Siddham ( Ready) is a 2009 Telugu-language action film, produced by Kiran Kumar Koneru on Shreya Productions banner and directed by J. D. Chakravarthy. The film stars Jagapati Babu, Sindhu Menon, and music composed by Amar Mohile. This film's plot is inspired by the Hindi film, Ab Tak Chhappan.

Plot
The film begins at the Hyderabad Task Force department led by a dynamic deputy Dayanayak an encounter specialist. Though challenging, he has an enjoyable way of living with his ideal wife Gauri, and daughter Harini. Daya holds the best network over the underworld and is cordial with his juniors & informers. However, Daya's pre-eminence envies one of his boys Salim. Parallelly, a drastic feud rundown between mobsters Bilal, based abroad, and Chota. Meanwhile, a new kid Akhil on the block attains confidence in Daya, and nice amity develops between them. During these events, Daya establishes a love-hate telephonic conversation with Bilal. Sooner, Daya upends when his confidential adviser Commissioner Gurunarayana retries, and an amoral Sivalinga Prasad arrives. He aids Chota, also persecutes Daya and hoists Salim. Nevertheless, Daya strenuously never fails his path.
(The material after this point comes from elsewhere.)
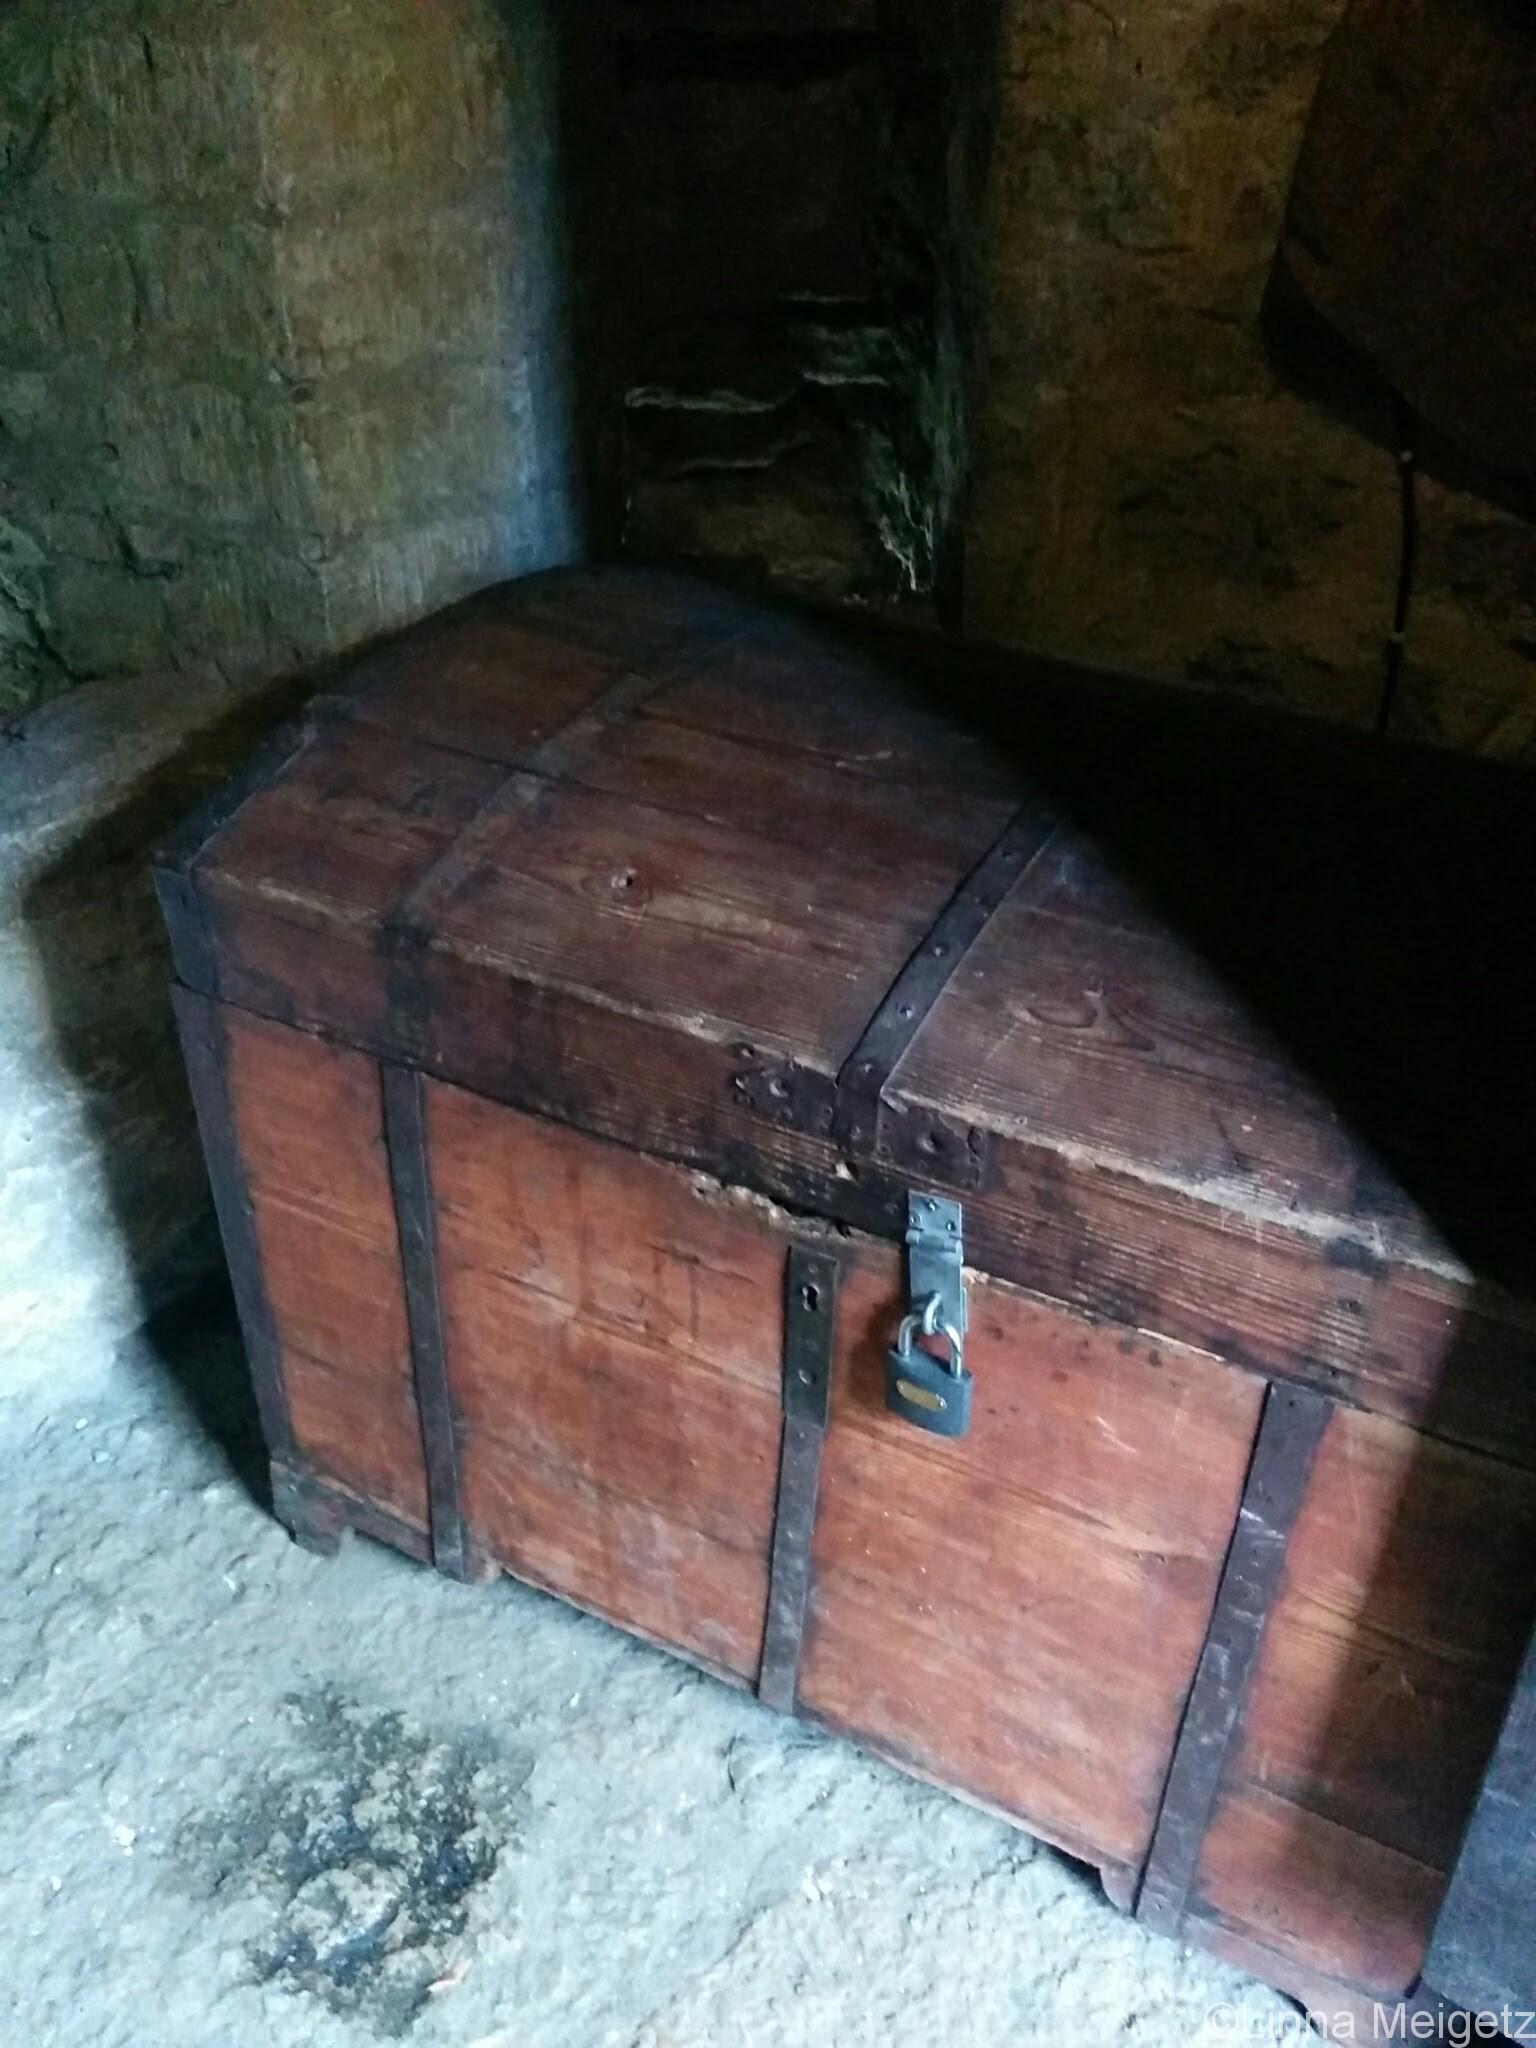 「Danneborg」の階段の踊り場にある宝箱
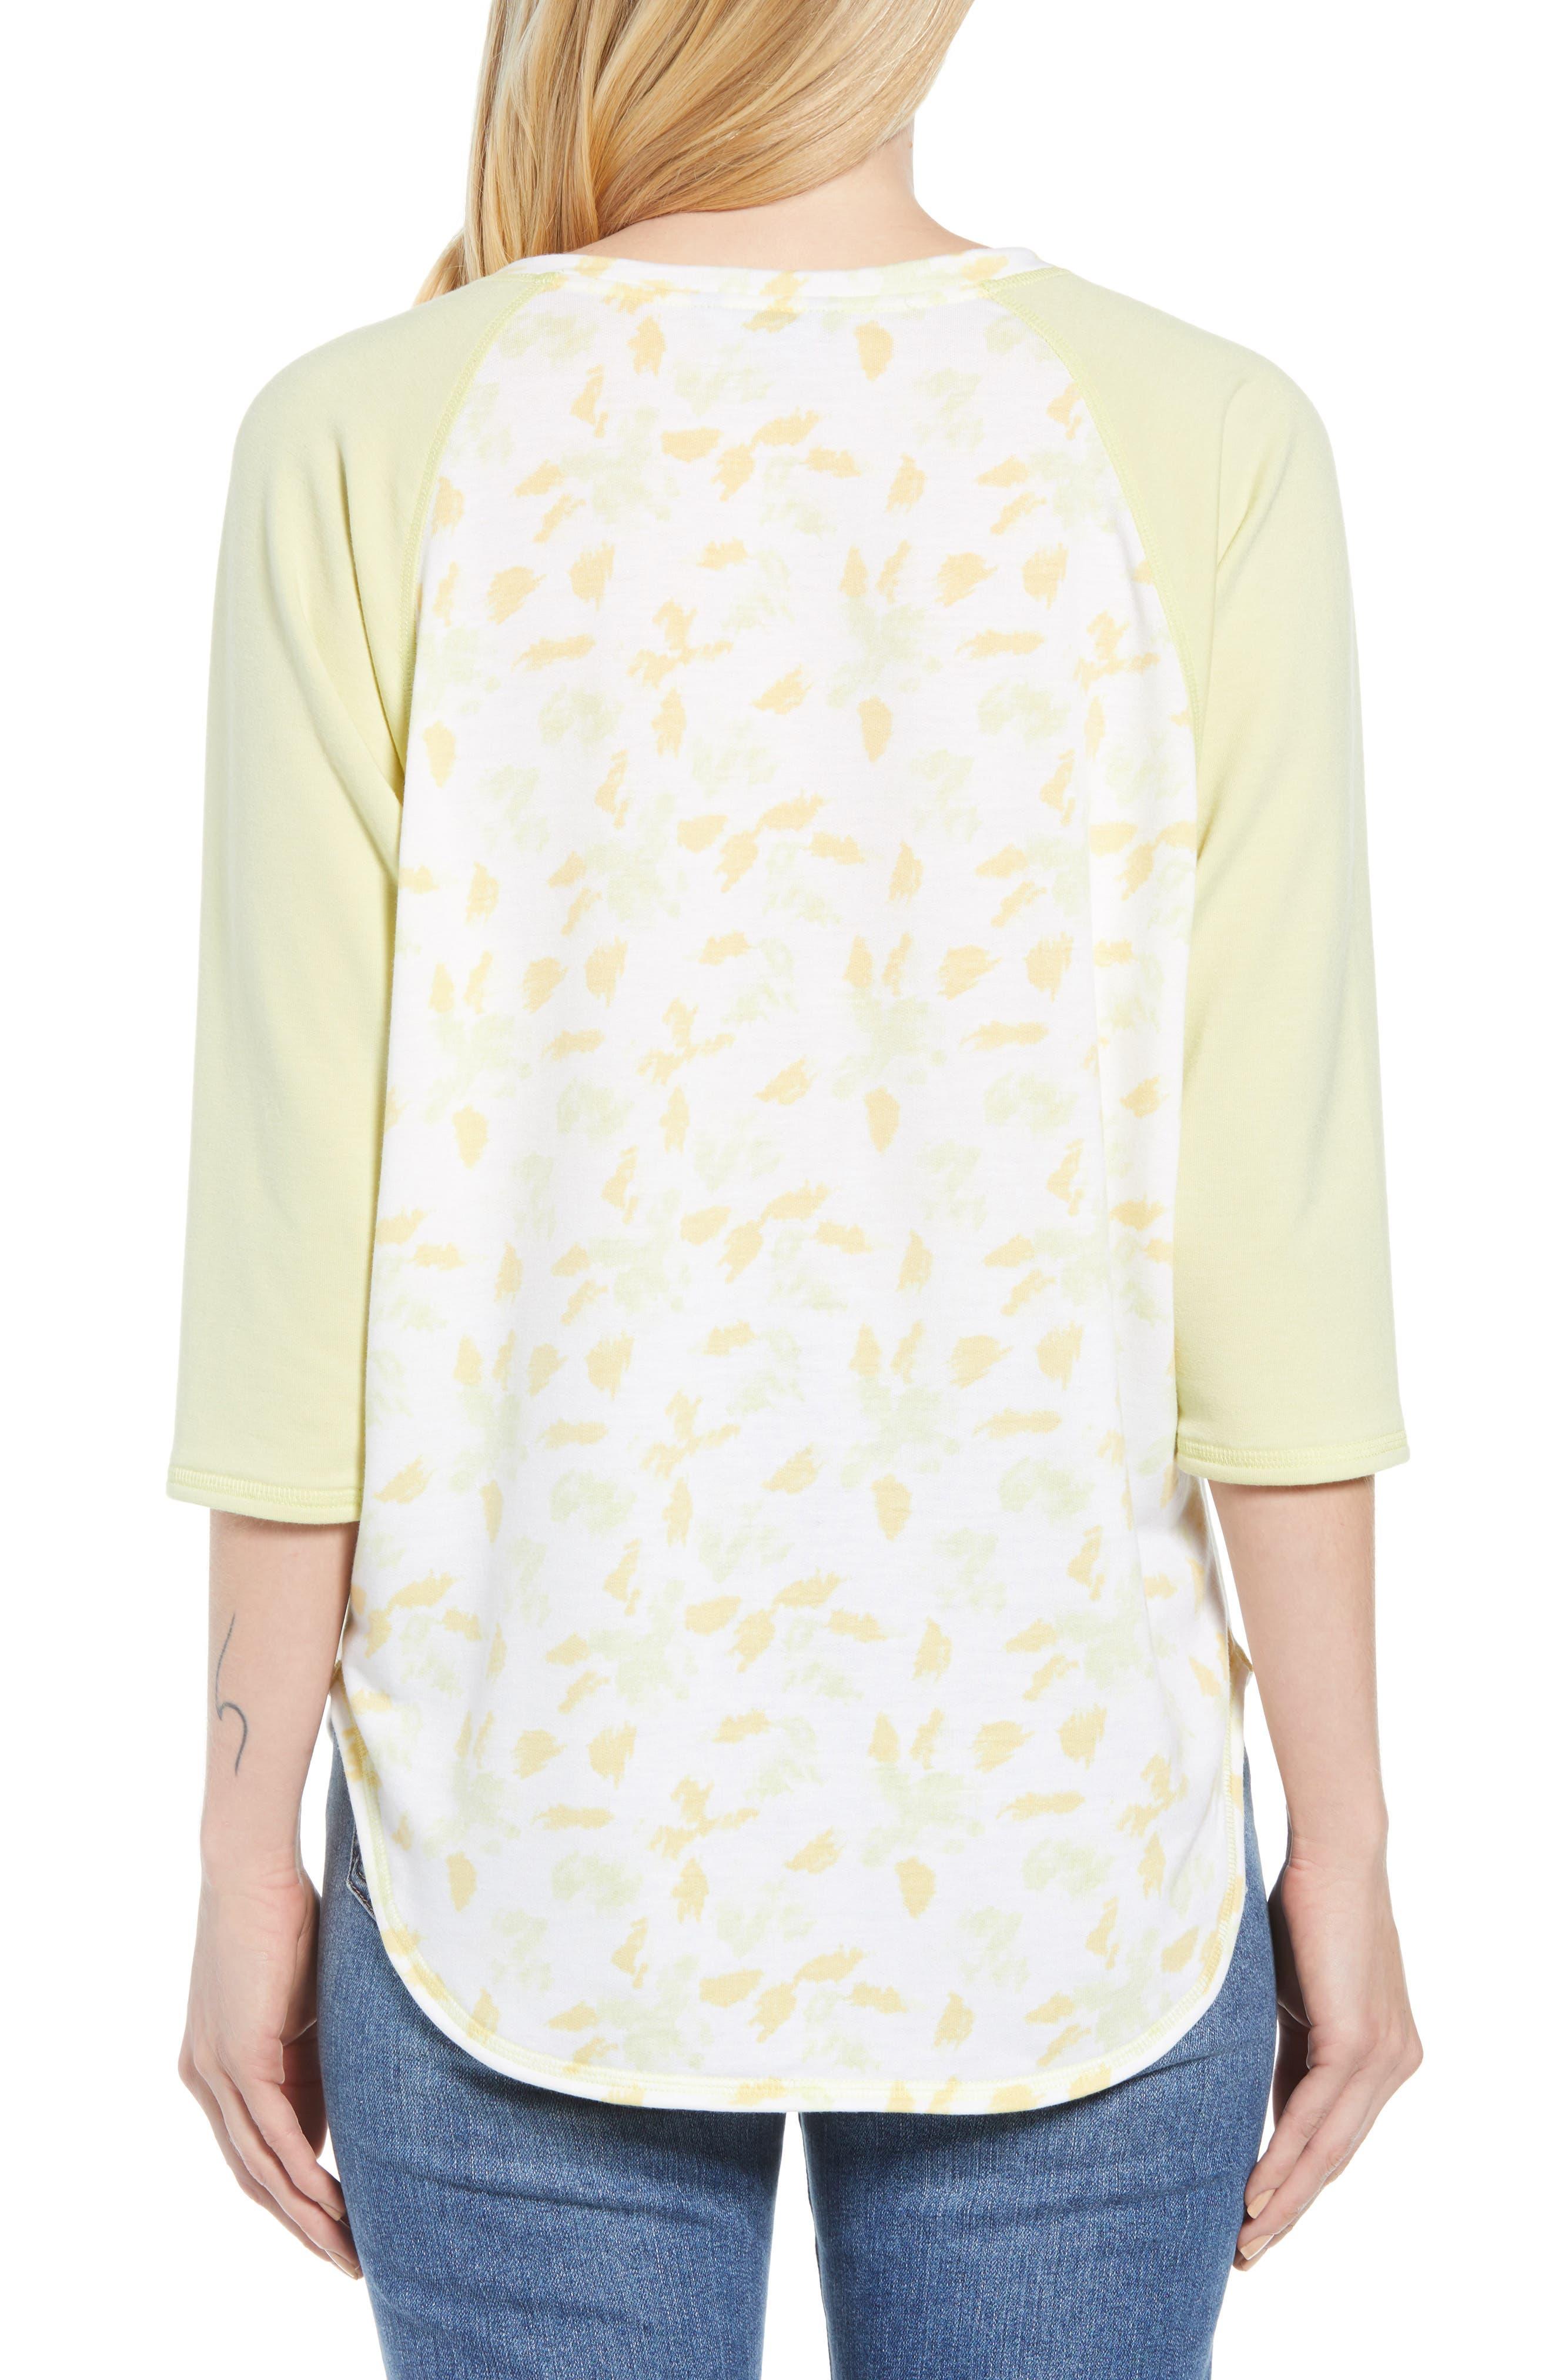 Off Duty Raglan Sleeve Sweatshirt,                             Alternate thumbnail 2, color,                             Ivory- Yellow Fleurs De Laine

Once, Daya gets intel regarding the landing of professional sharpshooter Ashok the sidekick of Chota. So, he immediately takes action and apprehends him. But alas, his mother dies in that encounter where Ashok seeks vengeance and breaks out of the prison. At that point, Bilal notifies Daya that he has risk from Ashok. Then, on eve of Akhil's wedding, Gauri is slain by an unidentified. The cataclysmic forms severe impact on Daya. Yet, he is committed and initiates an inquiry which is hindered by Sivalinga Prasad. Thus, Daya resigns and wipes out Chota's gang. Forthwith, Sivalinga Prasad announces shoot-at-sight orders against Daya and assigns Salim who ensnares him. On the verge of his, encounter Akhil fires on Salim and frees Daya. Afterward, Daya knocks out Sivalinga Prasad too.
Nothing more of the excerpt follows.